» **Goal of the exercise**: What is needed is an exact copy of the line where "Stones: 16 Old Mine European Diamonds" appears plus every later line in the material.
***** Supplied material *****
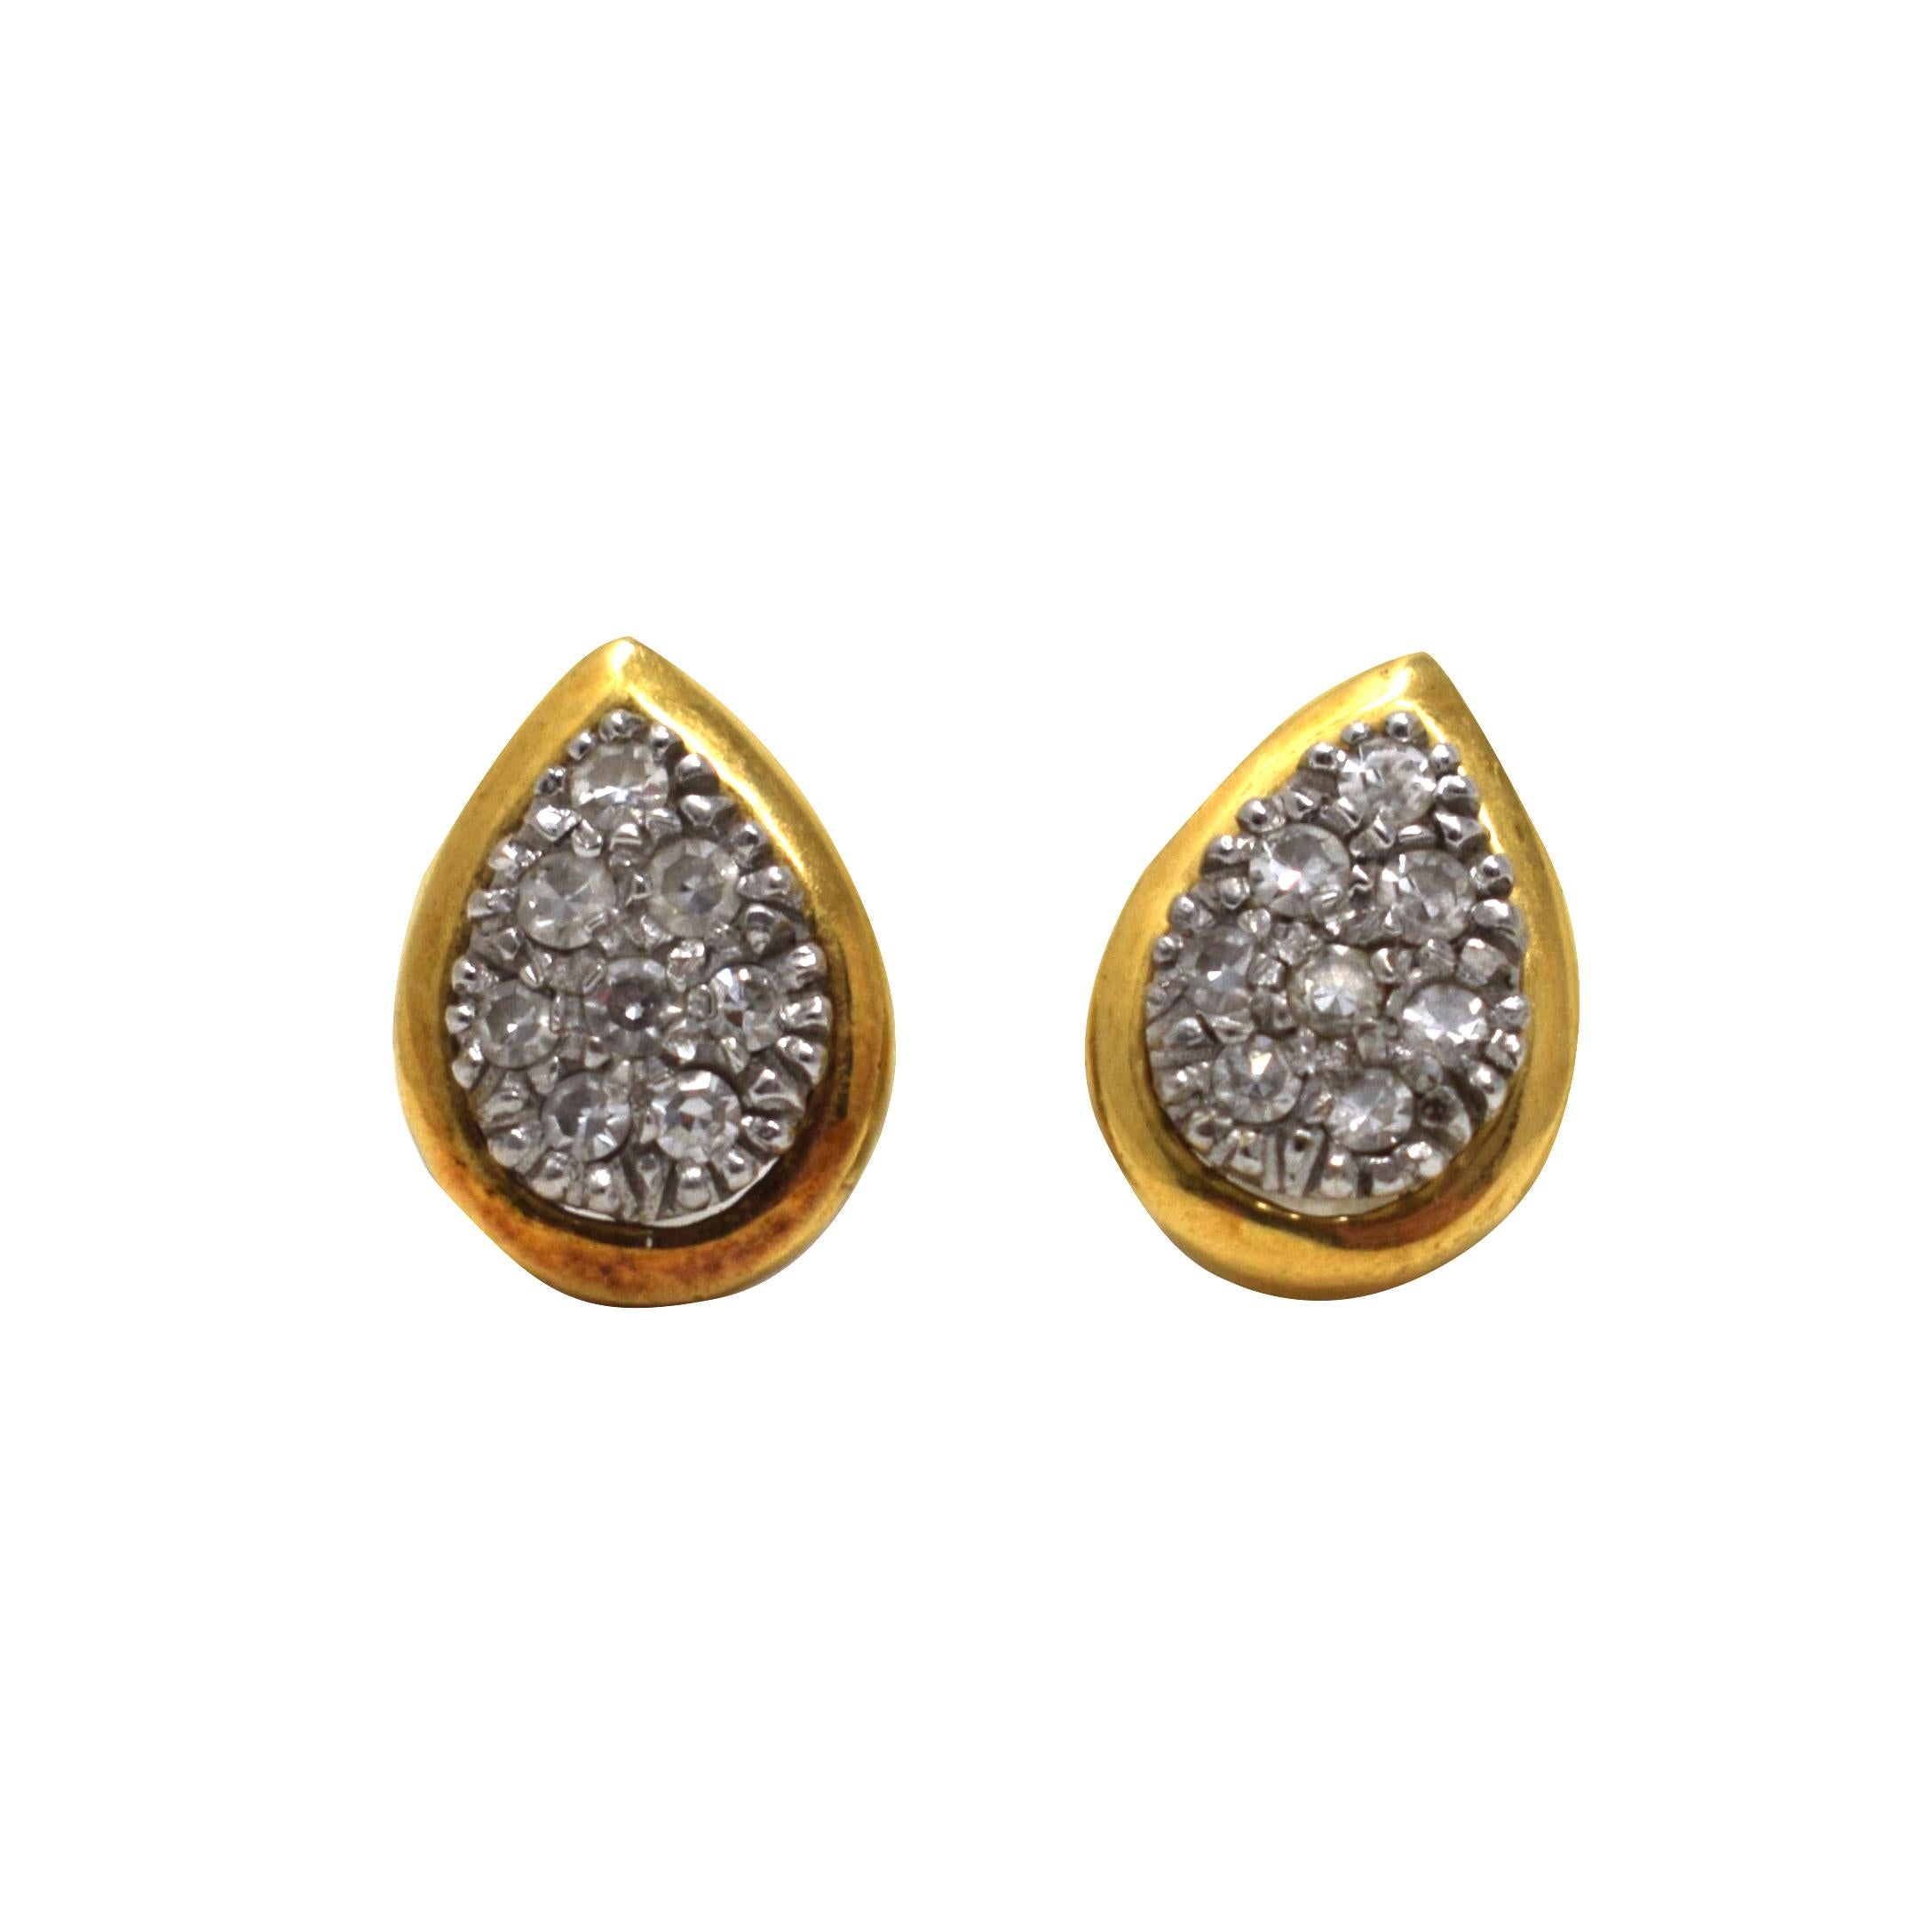 Brilliance Jewels, Miami
Questions? Call Us Anytime!
786,482,8100

Style: Teardrop Studs

Metal: Yellow Gold

Metal Purity: 18k 

Chain Metal: 14k Yellow Gold

Stones: 16 Old Mine European Diamonds

Total Item Weight (grams): 2.6

Earring Length:
*****
» **Task response**:
Stones: 16 Old Mine European Diamonds

Total Item Weight (grams): 2.6

Earring Length:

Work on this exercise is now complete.